Наконец удовлетворенная тем, что сорвала нашу попытку подловить ее, «преподобная» Бетти Белл объявила, что готова продолжать испытание. Она снова принялась рвать лепестки из букета и перекладывать ими карты. Опять вздымала колоду над разного рода «магнитами» из числа членов комитета, пытаясь тем самым подманить Айви. И, как мы и предположили прошлой ночью, дух-стенографистка не подвела мисс Хакер: на этот раз среди чистых карточек мы нашли три послания – метафизические приветствия, что-то вроде сентиментальных пожеланий типа «Жаль, что ты не с нами», какие могла бы написать вам на почтовой открытке тетушка Хетти из Атлантик-сити. Два из этих посланий были нацарапаны ярко-красными «ботаническими» чернилами, а третье – выведено золотом изящным почерком – и было подписано не кем иным, как духом покойного декана гарвардского факультета психологии:

«Как бы счастлив был я, представься мне подобная возможность! Уильям Джеймс».

Отличный выпад, подумал я. Старушке не откажешь в воображении. Завершив свое представление, «преподобная» Бетти Белл почувствовала резкий упадок сил и позволила Ричардсону и Флинну отнести себя на диван.

Но едва дама ощутила на голове холодный компресс, как тут же ожила и поинтересовалась, когда можно ожидать появления в газетах известия о ее победе и, что еще важнее, будет ли полагающееся ей вознаграждение выплачено наличными или чеком. К счастью, компресс мешал ей увидеть, как присутствовавшие в комнате мужчины обменялись удивленными взглядами и как Маклафлин мрачно покосился на меня, давая знать, что пора положить конец этой комедии.

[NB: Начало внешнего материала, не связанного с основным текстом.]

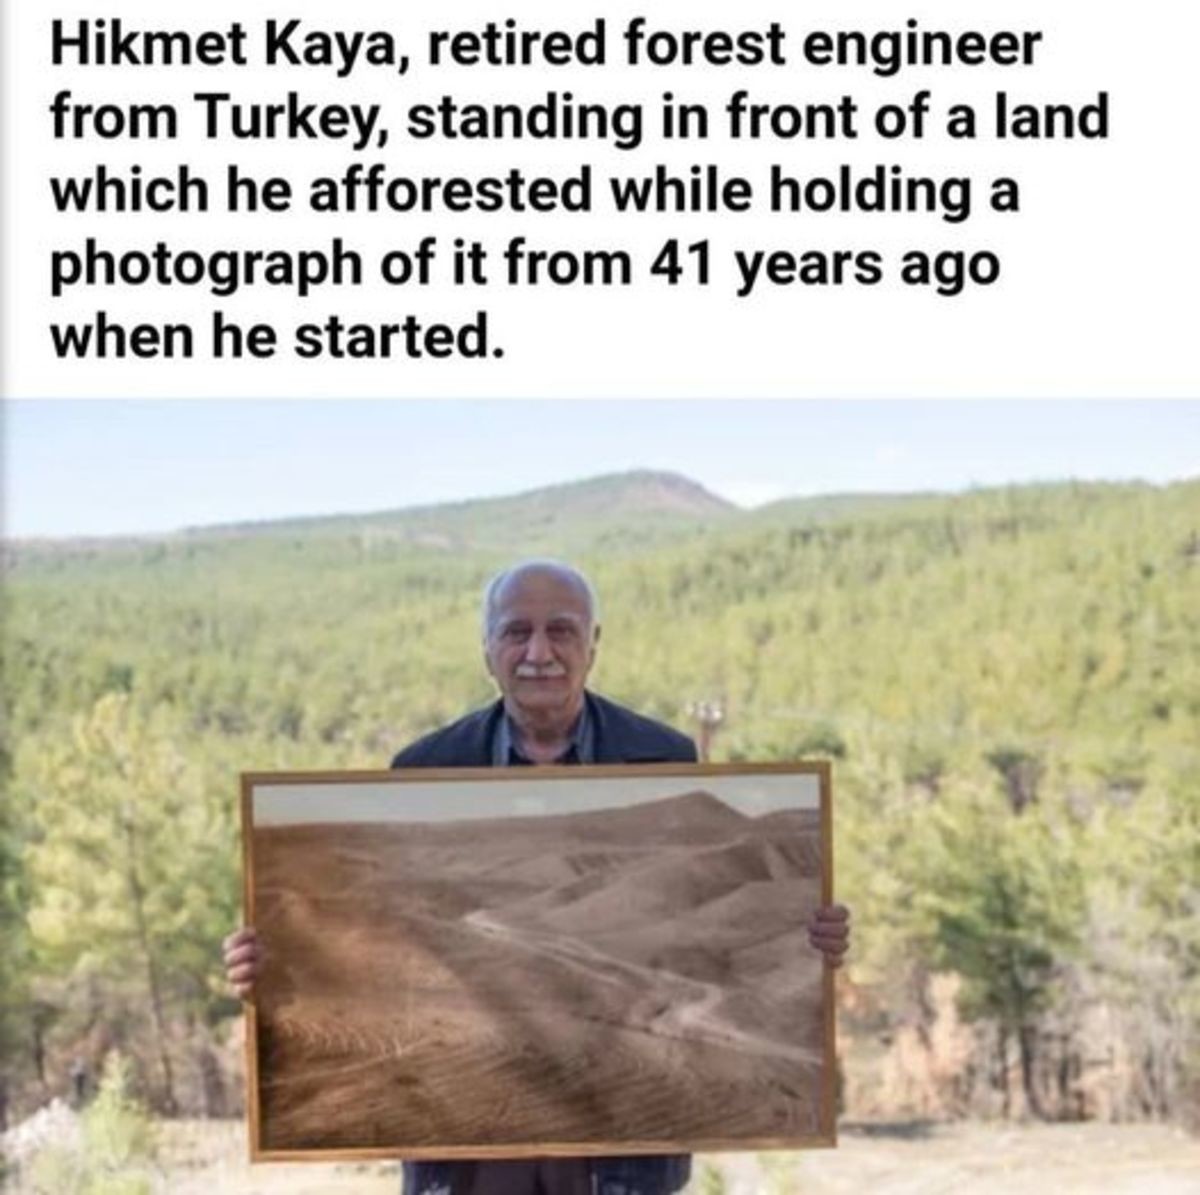 Forester. .. Hikmet loved his desert and as a child use to flock through the sand. Unfortunately, due to climate change enthusiasts and their unsubstantiated claims, Hikmet

– Прошу меня простить, – начал я осторожно, – но я бы хотел вам кое-что показать.

Бетти Белл Хакер приподнялась и села на диване, компресс соскользнул с ее глаз и с мокрым шлепком упал на колени. Я показал ей чистую колоду и три ее карты с надписями. Я видел, как она пытается сообразить, что все это значит: три карты с надписями были больше, чем остальная колода.

– Я не понимаю?..

Я объяснил ей. Этим утром я попросил торговца канцелярскими принадлежностями обрезать карты – совсем чуть-чуть – уловка, которую почти невозможно заметить. Разница столь ничтожно мала, что обнаружить ее можно лишь после тщательного сравнения. Вот она ничего и не заметила, тем более что поначалу ее внимание было отвлечено осмотром медсестры, а затем поисками крапленых карт, поэтому она не обратила внимания на такую простую ловушку. А теперь уже поздно: железные челюсти сомкнулись – она попалась.

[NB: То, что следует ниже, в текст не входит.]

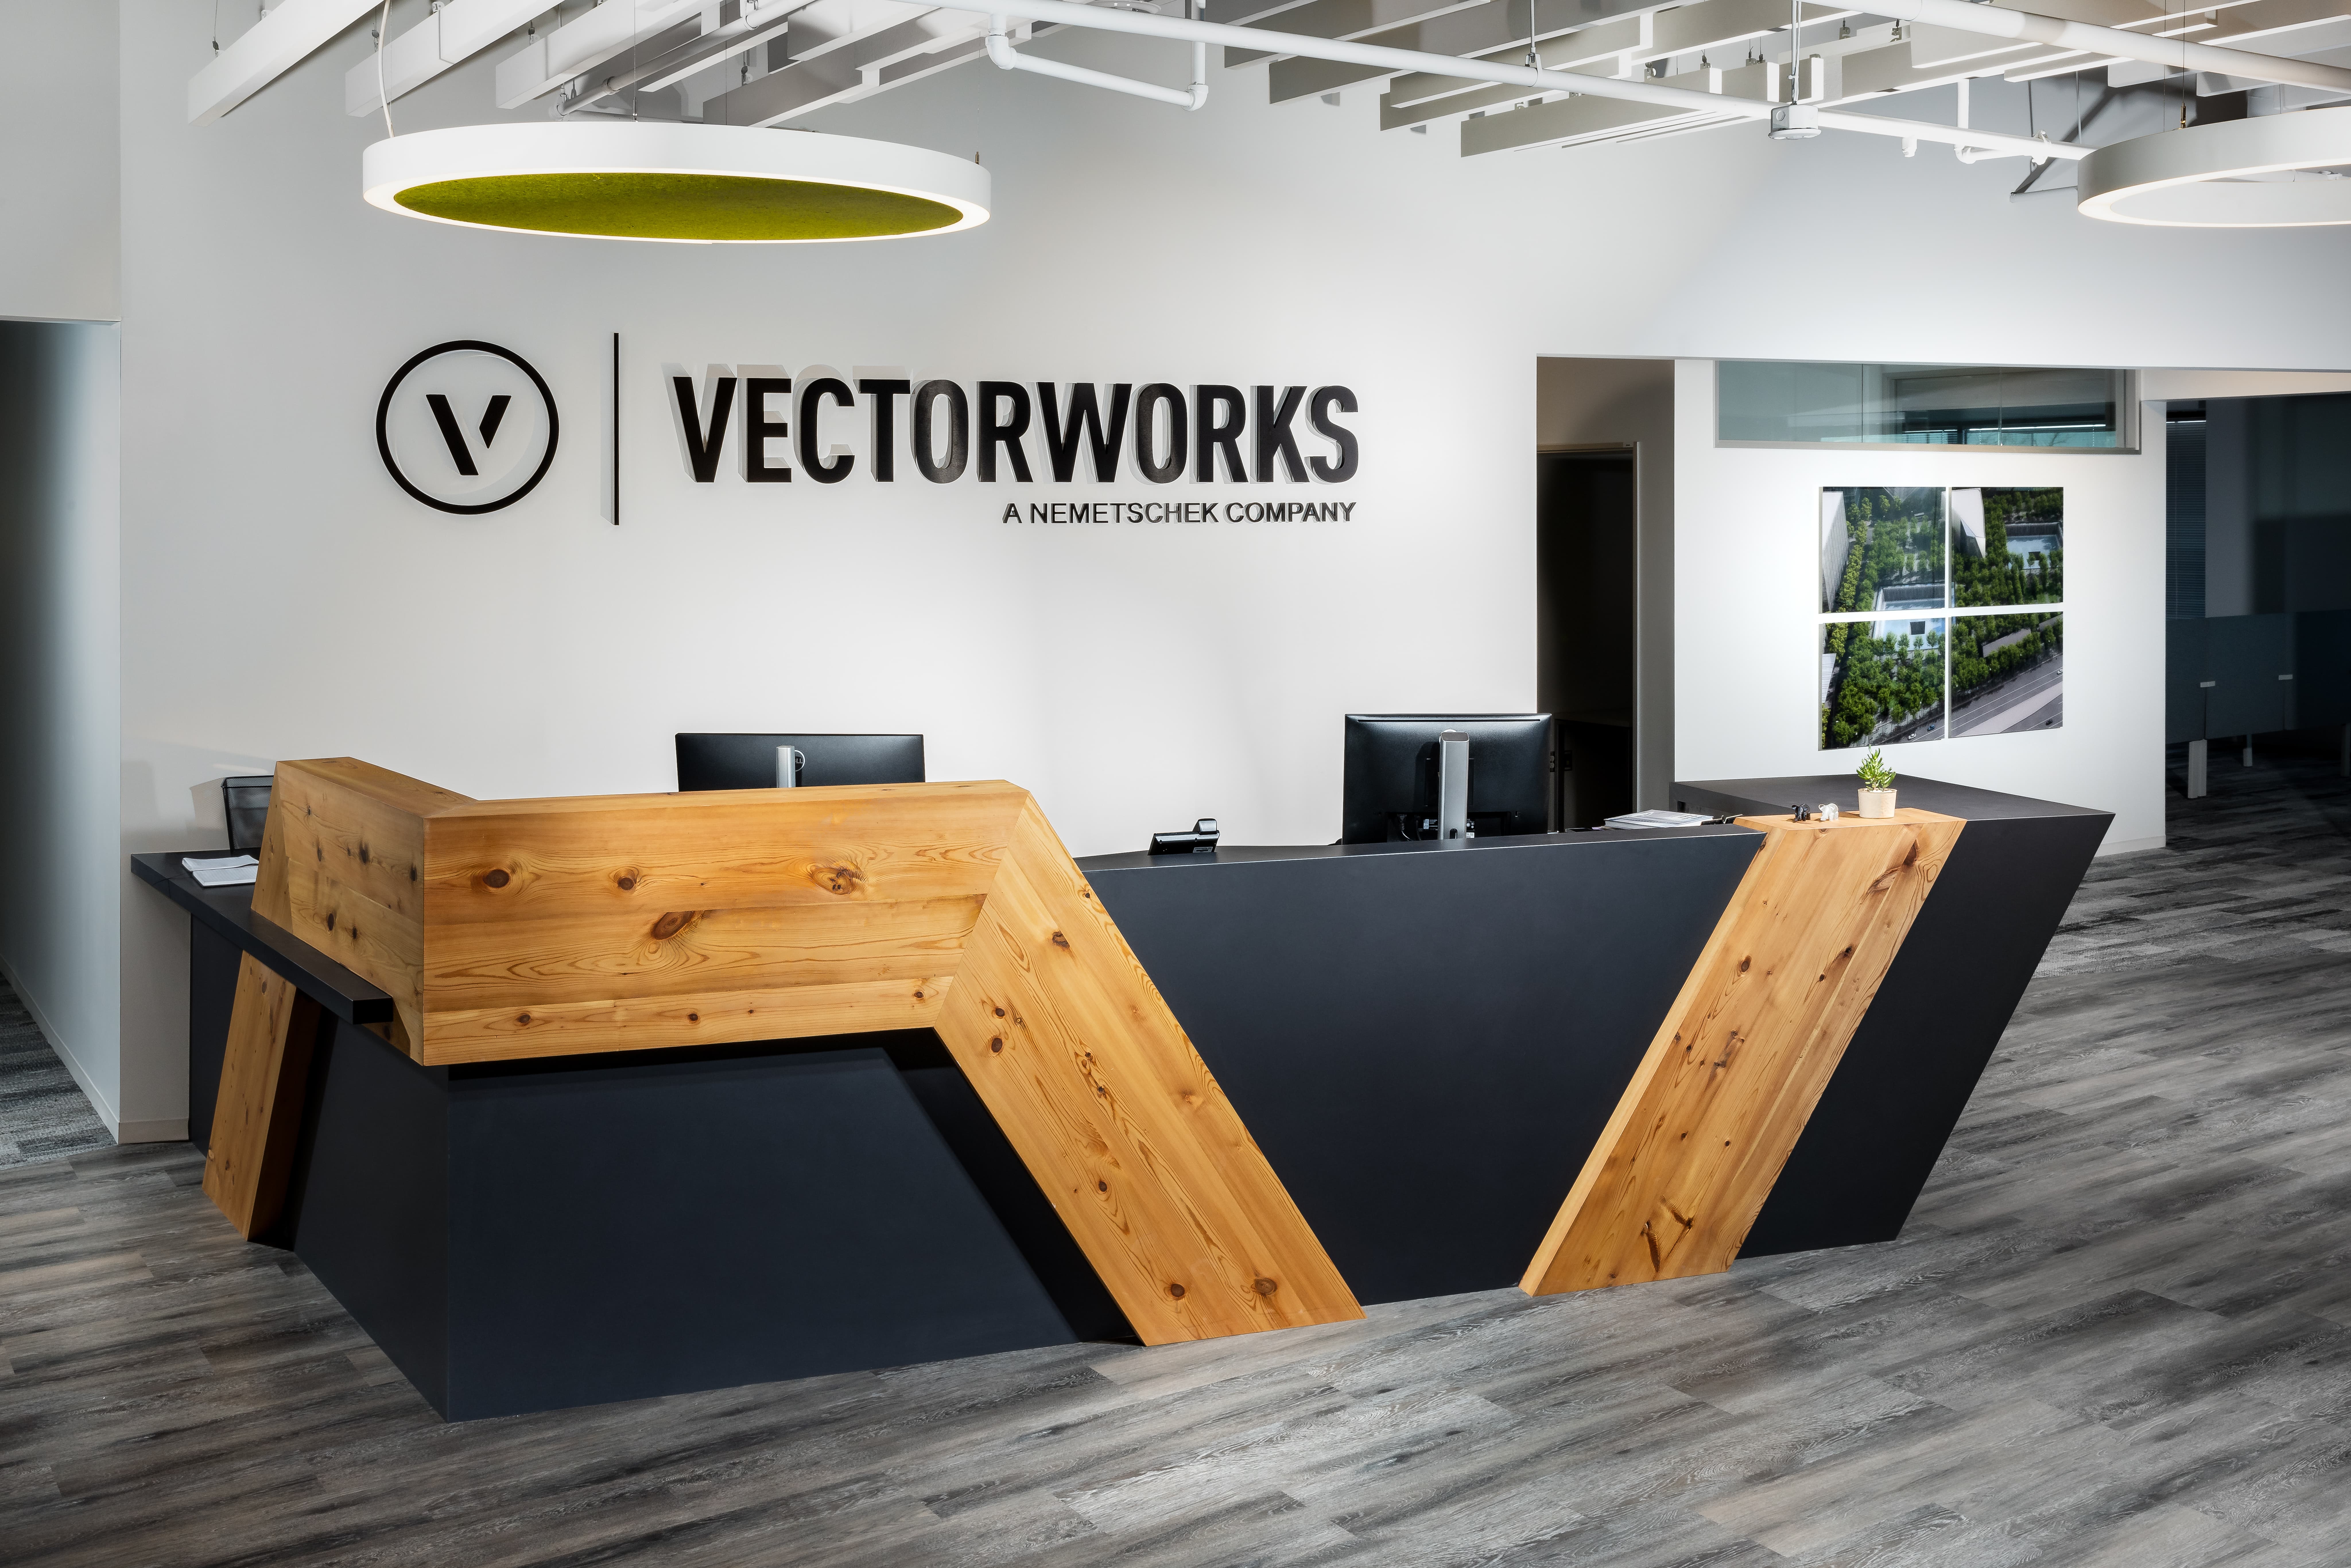 Vectorworks’ Core Values Shine at New Corporate Headquarters

То, что произошло затем, застало меня врасплох. Весь день, пока я с азартом готовил мой капкан, мне некогда было подумать, как я буду себя чувствовать, когда он захлопнется. Если такая мысль и мелькала у меня в голове, то я лишь представлял себе, как бросятся хвалить меня члены комитета: примутся хлопать меня по плечу и пригласят выпить с ними в знак того, что отныне я принят в их ряды, как коллега и ровня. И вот, когда долгожданный момент настал и челюсти капкана сомкнулись, поймав жертву, я вдруг почувствовал, что не испытываю никакой радости, а тем более восторга. Вкус победы оказался на самом деле горьким: к нему примешивалась неожиданная жалость к маленькой обманщице, которую я поймал с поличным.

«Преподобная» Бетти Белл Хакер смотрела на меня слезящимися глазами убитой горем старухи, и я почувствовал острый укол в самое сердце. Я попытался вырвать этот мучительный осколок раскаяния, подобно тому, как извлекают рыболовный крючок, но ничего не вышло.

Затем она наклонилась и прошептала мне в самое ухо:

– Ублюдок. Педик паршивый.

Со временем я стал вспоминать эту историю как личное достижение, которое мне еще не скоро удастся превзойти. Если, учитывая простоту примененного мной способа «контроля» испытуемой, эта гордость покажется вам странной, то могу лишь сказать, что именно простота часто является залогом успеха эксперимента, именно она позволяет преодолеть опасные воды, кишащие всезнайками-рецензентами, и благополучно достичь порта, или, в данном случае, публикации. На отбор статей в «Сайентифик американ» не влияли пристрастия, присущие академическим изданиям, и все же я вновь пережил ощущение личной победы, когда отчет Фокса о деле Хакер, преодолев все внутренние редакторские препоны, появился наконец в осеннем номере 1923 года под заглавием «Поражение еще одного медиума».

И снова мое имя никак не упоминалось. Но на этот раз это уже не воспринималось мной столь болезненно. Я-то знал, что именно мои усилия привели к успеху, и мне было довольно, что Маклафлин знает это.

Как я и предполагал, этот успех стал вершиной моих достижений. Вслед за «преподобной» Хакер в последующие недели экспертизе подверглись еще два медиума, но это были птицы невысокого полета, разоблачить которых не составило труда. Один был фотографом из Род-Айленда. Он попытался выдать снимки, сделанные с двойной экспозицией, за фотографии духов. Когда же члены экспертного комитета предложили ему сделать аналогичные снимки, используя проверенные ими пластины, таинственные изображения загадочным образом перестали появляться. Второй медиум оказался пациентом психиатрической клиники и, как выяснилось, был знаменит своими побегами, о чем эксперты узнали после звонка из Денверского дома для умалишенных. В обоих случаях я был лишь зрителем, так что не стану их описывать.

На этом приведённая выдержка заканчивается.